The two stare at each other. And because I’m reliving all of this through Jacob’s memory—and thus seeing what he’s seeing—I feel as if the killer is looking directly at me, too.
The name Eli strikes a chord in me, too; it pulls at a distant, forgotten memory.
Jesus, what’s going on here?
But I don’t have time to contemplate it, as the killer next shakes his head and yanks himself out of whatever drug-induced reverie he thinks he’s in.
He heads straight to the altar.
Once there, he uses the same key to open a back panel. I know immediately what he’s after: the church’s treasured sacraments. Jacob watches quietly as the man removes a large plastic trash bag from inside his jacket and begins shoveling in the ornate crosses, jewel-encrusted goblets, and golden communion plates. All would fetch a pretty penny on the black market—and all should keep him high for months.
When finished, he ties off the bag and heads back behind the pulpit. And looks up. Directly above him is the massive statue of Jesus Christ hanging grotesquely from the cross.
Is the killer asking for forgiveness? Is he praying? Is he perhaps mocking the Lord?
None of the above.
Indeed, he appears to be looking at what is hanging just beneath the crucifix. It’s a massive oil painting depicting Christ’s arrest on the Mount of Olives. Massive and old. And probably worth a fortune.

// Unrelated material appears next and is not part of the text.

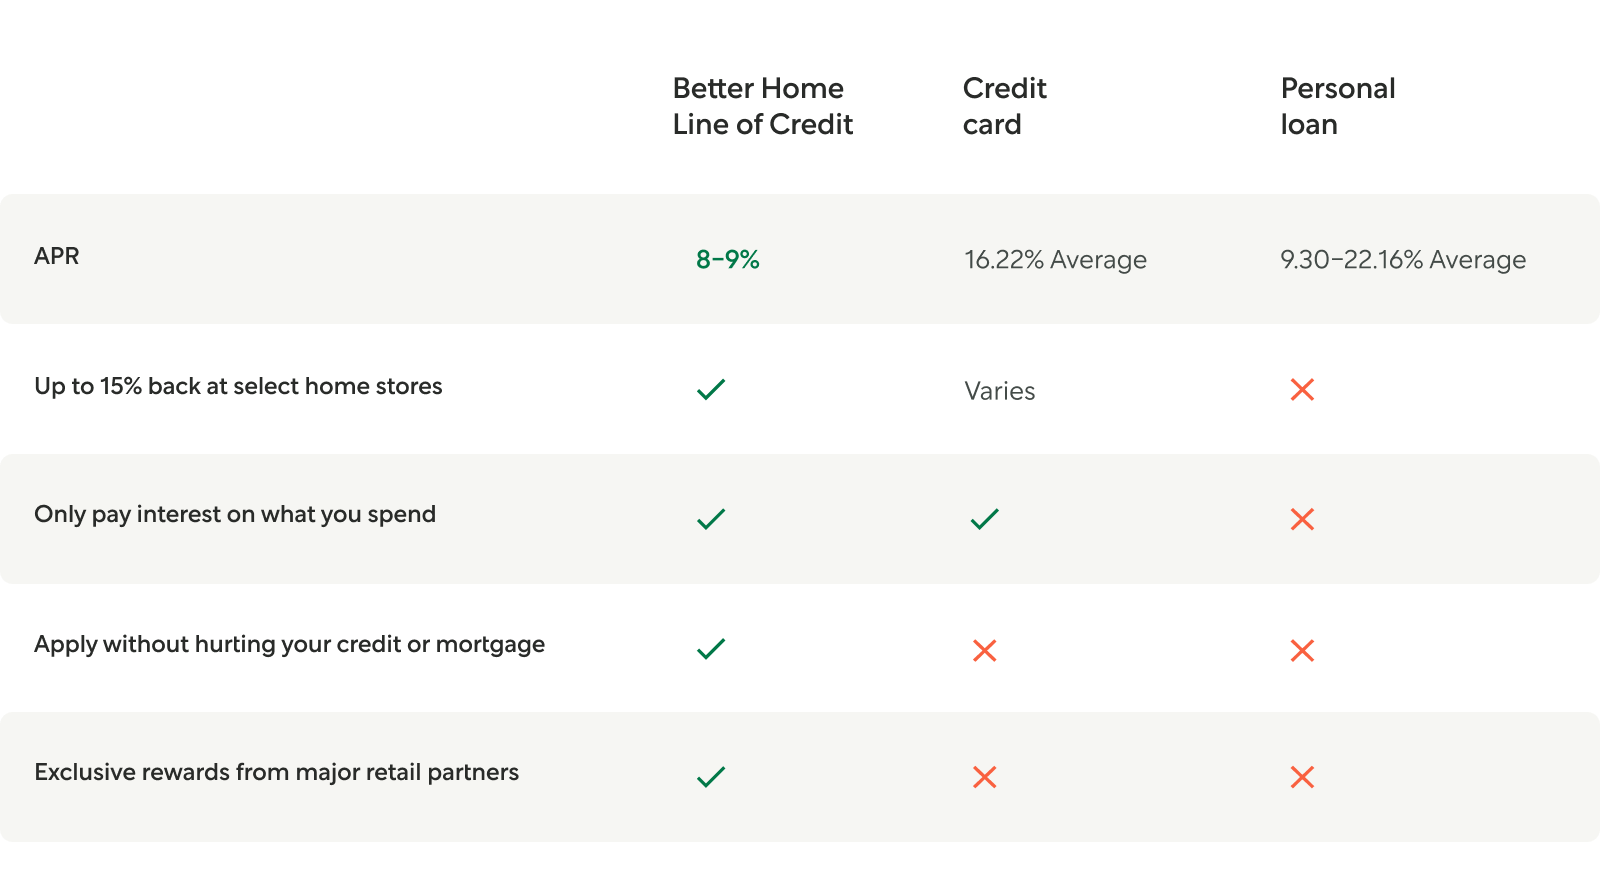 Chart Showing the Difference Between the Better Home Line of Credit, a Credit Card, and a Personal Loan

Since when do junkies have a taste for art? Perhaps junkies looking for something—anything—to pay for their next fix.
And I thought I was going to hell.
It’s a big painting and would take a lot of work for him to remove it, but the killer seems undaunted. He reaches up for it, and just as he does, something moves quickly to his left. Something dark and swift. A moving shadow, in fact. But Jacob doesn’t see it, or perhaps chooses to ignore it, and so I lose my chance to see what, if anything, it is.
But something seems to be out there, moving.
The killer doesn’t see it and continues reaching up, and just as his fingertips touch the ornate frame, something happens.
Unfortunately, the next few images are a blur.
In one of them, I see a very menacing red-eyed shadow rise up from the painting itself. In the next, the killer is beating a hasty retreat out of the church, his sack of stolen loot swung over his shoulder like that of a murderous Santa Claus. The anti-Santa. He looks back once, terror on his face, then quickly disappears through a side door and out into what appears to be a courtyard, complete with a gurgling fountain.
Jacob watches him go. Whatever spooked the killer doesn’t seem to affect the boy, who simply turns and looks back at his dead music teacher, who’s still propped up on the piano bench.